- Required action
Take the line that holds "Made in Italy." and every line after it to the end of the entries, and repeat them exactly without the pictures.

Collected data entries
-----

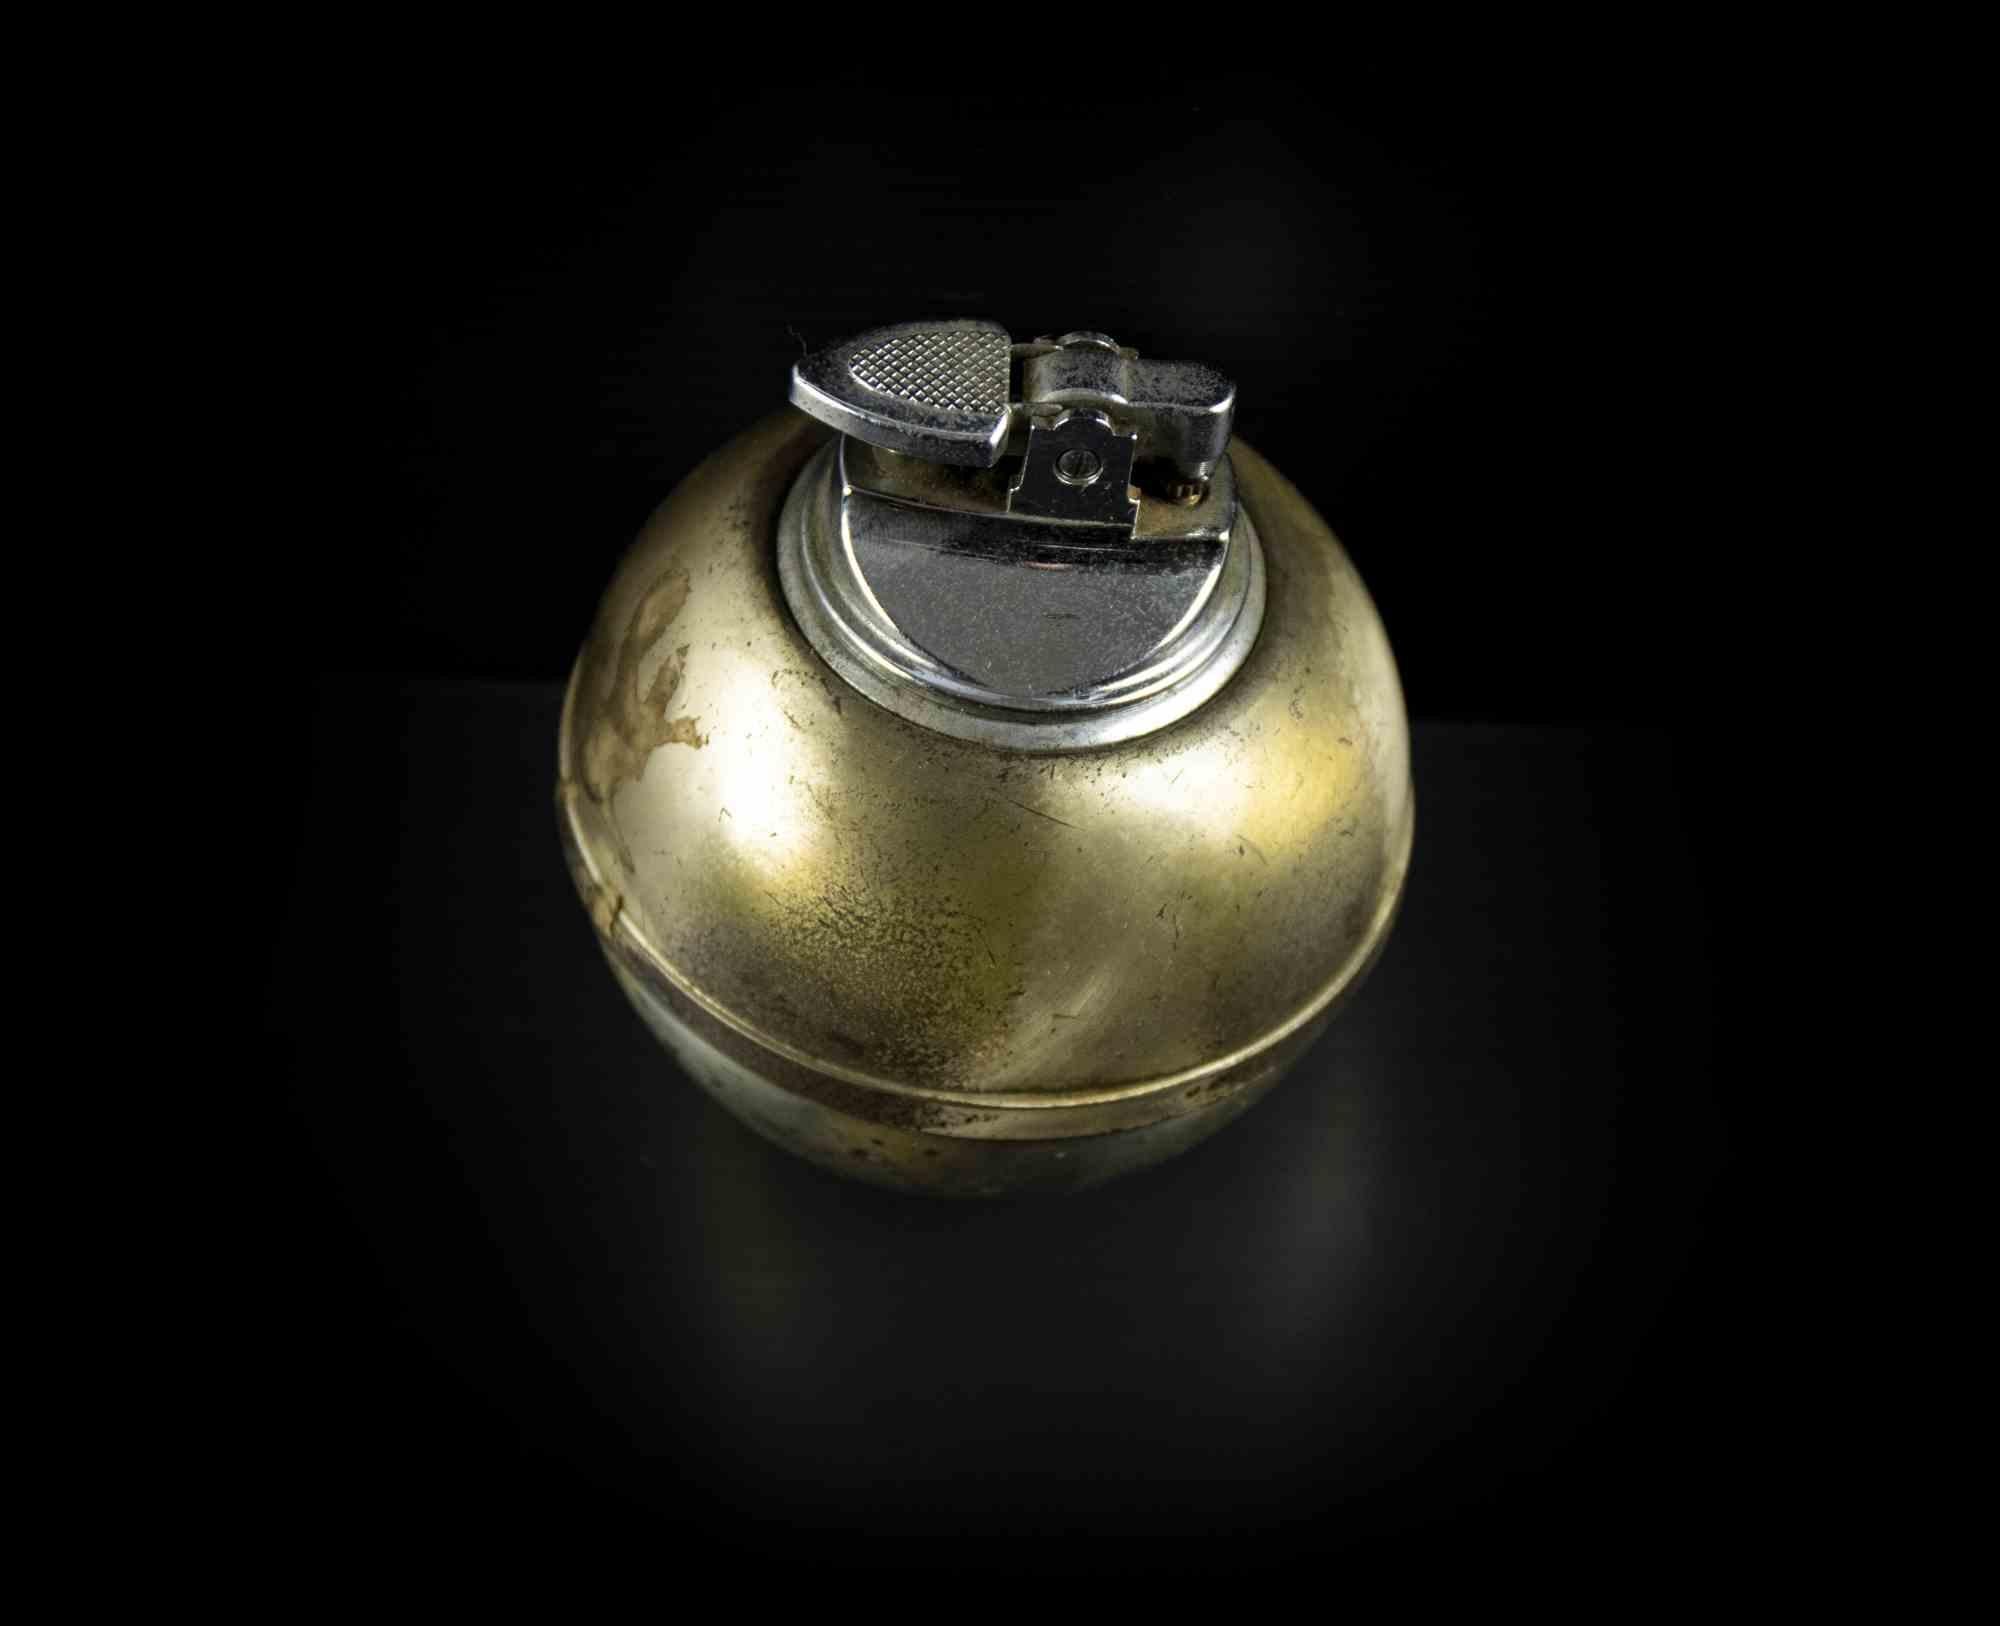 Vintage metal lighter is a original decorative object realized in the mid-20th century.

Made in Italy. 

The object has a spherical shape and is realized completely in metal

Fair conditions: some rust is present on the surface.
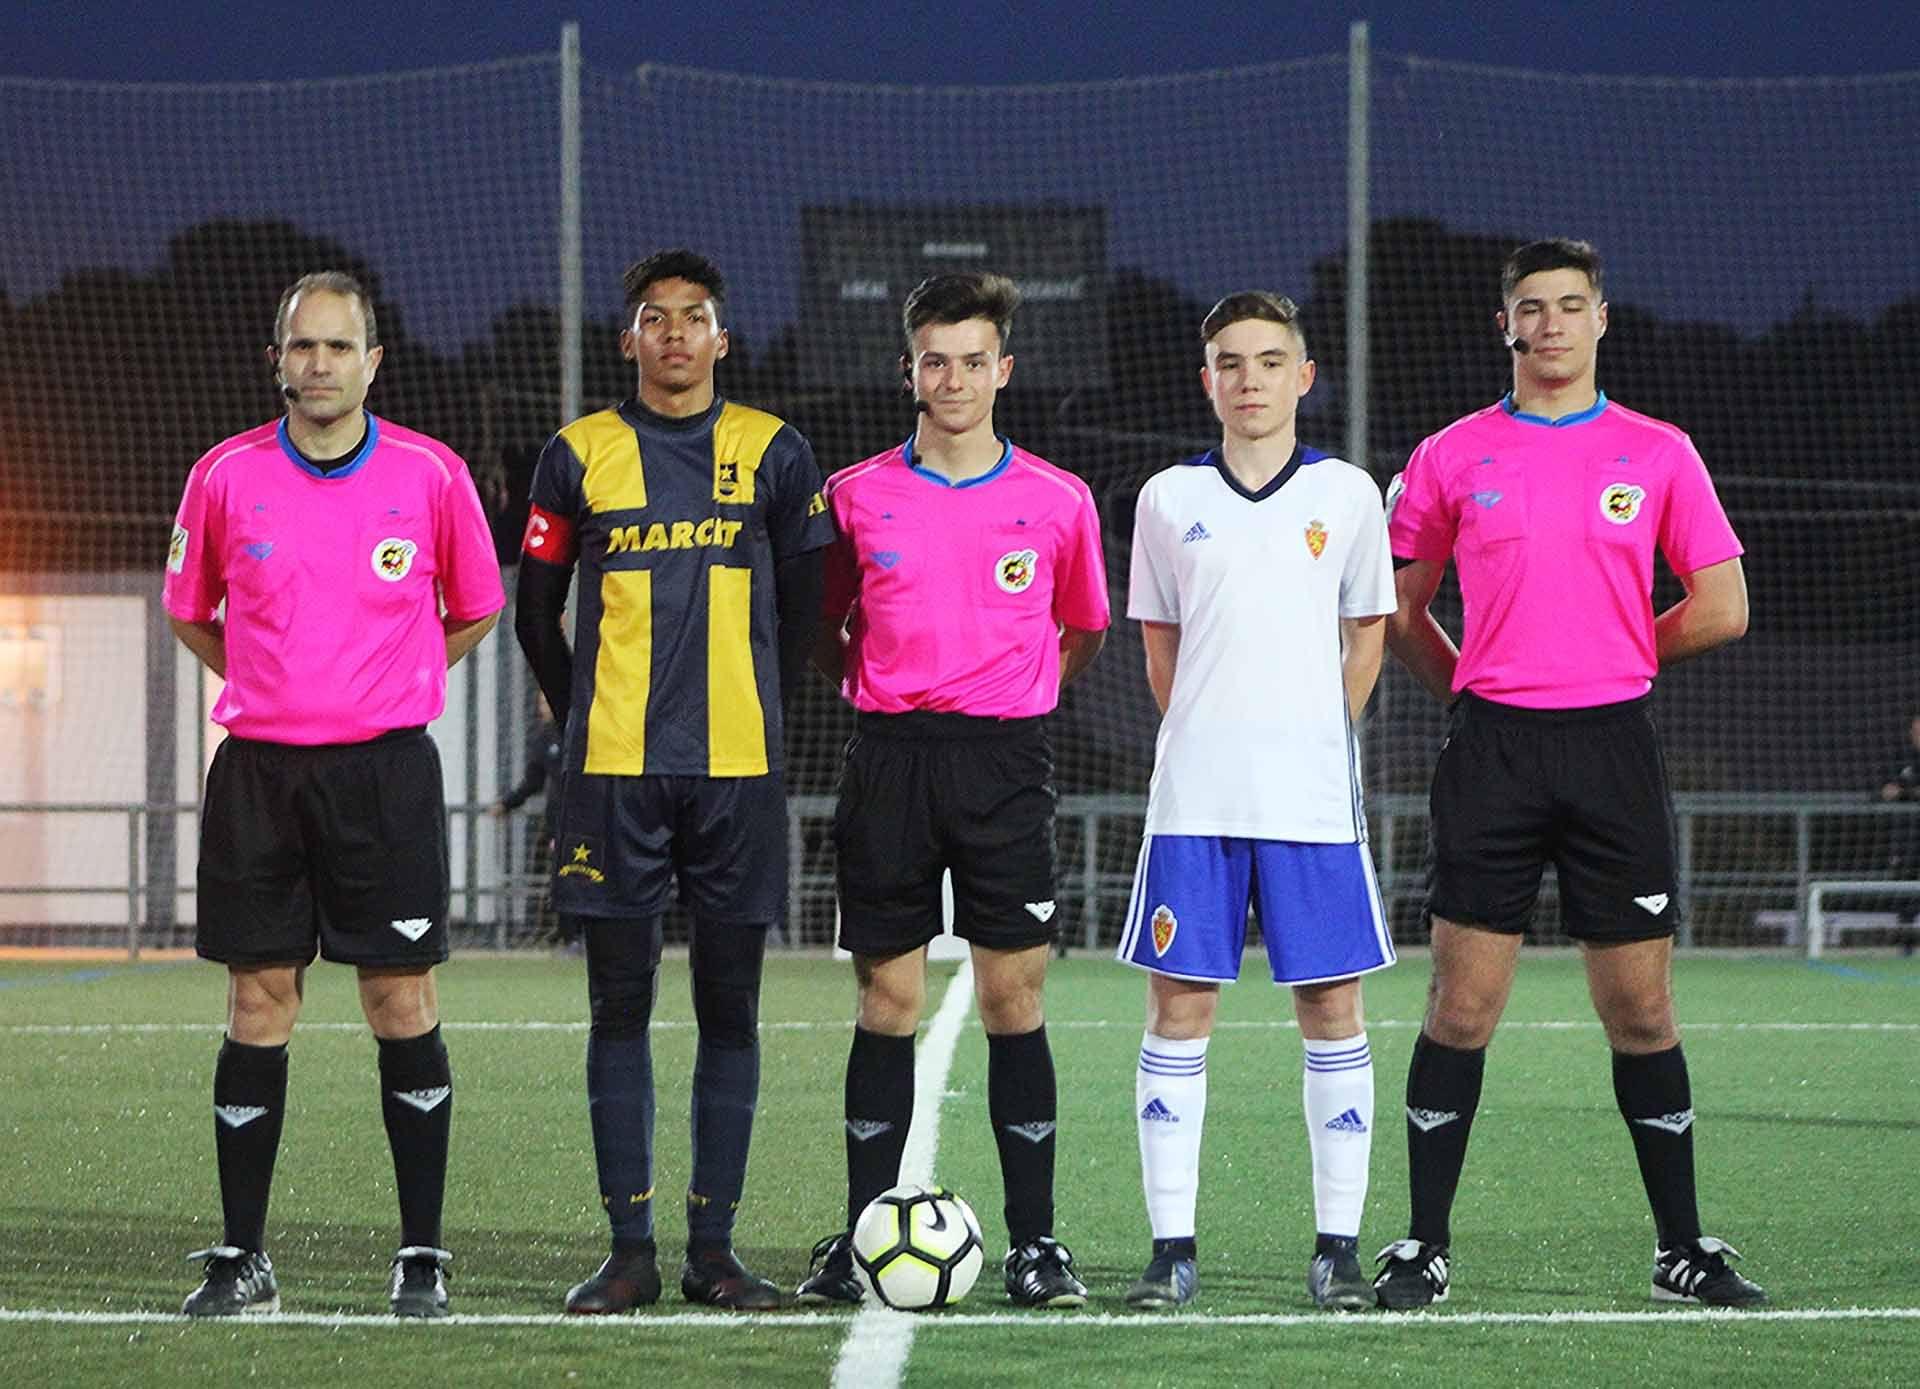 Marcet Football Academy captain stands alongside rival captain and referees before a game.

-----

- Written answer
Made in Italy. 

The object has a spherical shape and is realized completely in metal

Fair conditions: some rust is present on the surface.
 Marcet Football Academy captain stands alongside rival captain and referees before a game.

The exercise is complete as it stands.